Latif Anshori Kurniawan

Gelombang Presensi Platform Terbuka

Diterbitkan pada dalam Blog.

Berkomputasi dengan sistem terbuka (open-source) adalah pilihan. Memilih sistem tertutup (closed-source, proprietary) seperti Windows (dari Microsoft) pun, selama legal, disilakan. Ini adalah sebuah sikap dan prinsip tersendiri, bukan untuk membenturkan antara open dan close. Pada banyak sempat, kami pun tetap masih merekomendasikan nyaris siapa pun untuk menggunakan yang kodenya (source-code) dibuka untuk publik. Apalagi kalau bukan sistem Unix BSD dan berbasis kernel (“jantung” sistem operasi) Linux? Selengkapnya perihal BSD-Linux ini, sila ramban laman “FOSS” blog ini.

Keseharian kita nyaris pada dua sistem tersebut, yakni BSD dan ber-kernel Linux. BSD melalui iOS/macOS, sedangkan distro (kernel dengan pelbagai konfigurasi/kustomisasi tambahan, termasuk aplikasi/program dukungan) Linux salah satunya diwakili oleh Android. Jamak pengguna perangkat mobile menggunakan dua sistem terbuka ini, bukan? Berkomputasi pun tidak terbatas pada komputer desktop dan laptop, berponsel atau bergawai kekinian, secara tidak langsung, dapat terkategori melakukan aktivitas berkomputasi. Bagaimana tidak, ponsel-gawai kita terhubung internet, kita banyak meramban dan mengakses pelbagai informasi yang terolah sedemikian rupa, atau bahkan mengolah informasi yang merupakan bagian dari “berkomputasi” ringan.

Antara sistem BSD dan distro Linux, tidak sedikit survei yang mengindikasikan bahwa Linux lebih jamak digunakan. Pewartaan terkini adalah pengguna gim di Linux telah melewati pengguna gim di macOS. Linux, yang sebelumnya dikenal untuk mendukung kebutuhan workstation dalam ranah enterprise, menjadi cukup “buas” beberapa bulan terakhir dalam ranah gim.

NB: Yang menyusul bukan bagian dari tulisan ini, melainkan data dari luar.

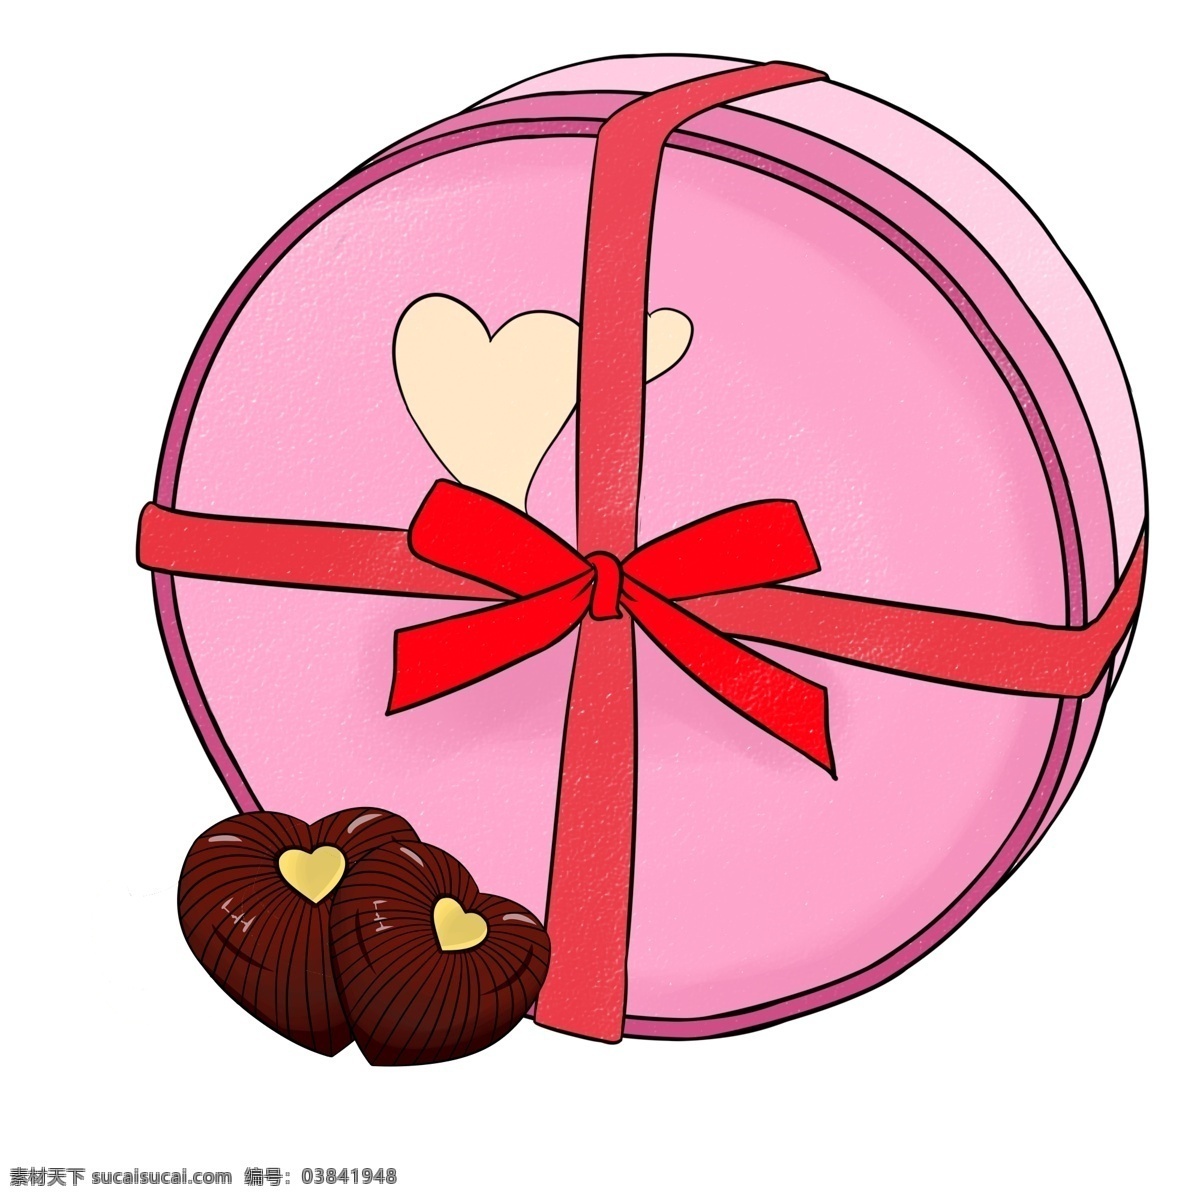 盒装 爱心 巧克力 插画 盒装巧克力 情人节礼物 爱心巧克力 粉色 圆形 礼物 盒 红色 丝带 蝴蝶结

Terima kasih kita kepada Valve yang merilis Steam Deck berbasis Linux Arch dengan lingkungan desktop KDE. Untuk kelas desktop, apalagi bagi pengguna harian/rumahan, barangkali memang masih belum seberdaya Windows yang memang telah lama melintang di dunia perkomputasian. Namun, tidak sedikit pengguna komputer yang telah terbiasa dengan KDE dan GNOME. Terlebih, pembaruan antarmuka makin memudahkan pengguna, bahkan memberikan beragam alternatif yang belum terdapat pada sistem tertutup. Bukan tidak mungkin jamak pengguna lebih memilih Ubuntu alih-alih Windows sebab mereka telah terbiasa dengan Android?

Bukan mustahil, makin banyak pengguna Chromebooks, terutama di kalangan pengguna bidang pendidikan, makin meningkatkan pula ketertarikan pengguna untuk mengoprek ChromeOS yang notebene berbasis Linux Gentoo (yang dikonfigurasi sedemikian rupa secara “semi-tertutup” oleh Google). Well, nonpengguna Chromebook pun masih dapat mencoba ChromeOS Flex, bukan?

Kami pun, di dunia nyata, tidak jarang menyinggung nama-nama distro Linux. Tidak jarang, sebagian rekanan/mitra dapat dengan mudah menyampaikan bahwa Ubuntu yang mereka ketahui sebagai Linux (dan tidak sedikit menganggap bahwa Linux terkira hanya sebatas Ubuntu—menarik). Tidak mengejutkan, tetapi juga tidak mengherankan. Ini merupakan salah satu pertanda baik bahwa Linux bukan masalah besar pengguna komputasi kekinian.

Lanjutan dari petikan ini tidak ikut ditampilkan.